When a ribosome begins to synthesize proteins that are needed in some organelles, the ribosome making this protein can become "membrane-bound". In eukaryotic cells this happens in a region of the endoplasmic reticulum (ER) called the "rough ER". The newly produced polypeptide chains are inserted directly into the ER by the ribosome undertaking vectorial synthesis and are then transported to their destinations, through the secretory pathway. Bound ribosomes usually produce proteins that are used within the plasma membrane or are expelled from the cell via exocytosis.[10]

Structure

Atomic structure of the 30S Subunit from Thermus thermophilus. Proteins are shown in blue and the single RNA strand in orange. It is found by MRC Laboratory of Molecular Biology in Cambridge, England.[11]

The ribosomal subunits of prokaryotes and eukaryotes are quite similar.[12]

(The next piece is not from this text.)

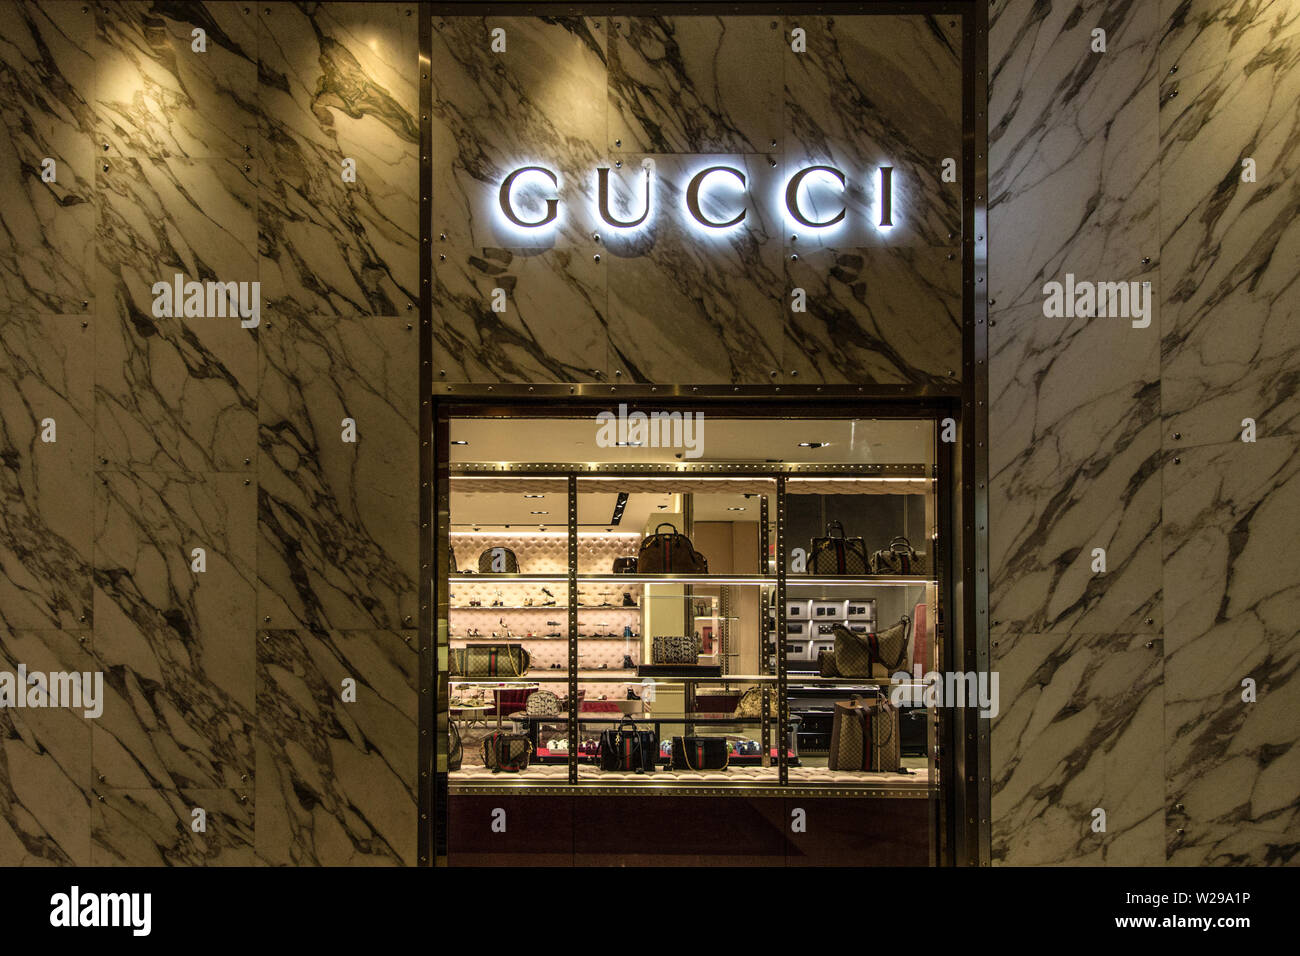 Gucci designer immagini e fotografie stock ad alta risoluzione - Alamy

The unit of measurement is the Svedberg unit, a measure of the rate of sedimentation in centrifugation rather than size and accounts for why fragment names do not add up (70S is made of 50S and 30S).

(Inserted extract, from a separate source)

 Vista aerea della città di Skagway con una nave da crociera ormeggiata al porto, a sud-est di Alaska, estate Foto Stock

Prokaryotes have 70S ribosomes, each consisting of a small (30S) and a large (50S) subunit. Their small subunit has a 16S RNA subunit (consisting of 1540 nucleotides) bound to 21 proteins. The large subunit is composed of a 5S RNA subunit (120 nucleotides), a 23S RNA subunit (2900 nucleotides) and 31 proteins.[12] Affinity label for the tRNA binding sites on the E. coli ribosome allowed the identification of A and P site proteins most likely associated with the peptidyltransferase activity; labelled proteins are L27, L14, L15, L16, L2; at least L27 is located at the donor site, as shown by E. Collatz and A.P. Czernilofsky.[13][14] Additional research has demonstrated that the S1 and S21 proteins, in association with the 3'-end of 16S ribosomal RNA, are involved in the initiation of translation.[15]

Eukaryotes have 80S ribosomes, each consisting of a small (40S) and large (60S) subunit. Their 40S subunit has an 18S RNA (1900 nucleotides) and 33 proteins.[16] The large subunit is composed of a 5S RNA (120 nucleotides), 28S RNA (4700 nucleotides), a 5.8S RNA (160 nucleotides) subunits and ~49 proteins.[12][17] During 1977, Czernilofsky published research that used affinity labeling to identify tRNA-binding sites on rat liver ribosomes. Several proteins, including L32/33, L36, L21, L23, L28/29 and L13 were implicated as being at or near the peptidyl transferase center.[18]

The ribosomes found in chloroplasts and mitochondria of eukaryotes also consist of large and small subunits bound together with proteins into one 70S particle.[12] These organelles are believed to be descendants of bacteria (see Endosymbiotic theory) and as such their ribosomes are similar to those of bacteria.[19]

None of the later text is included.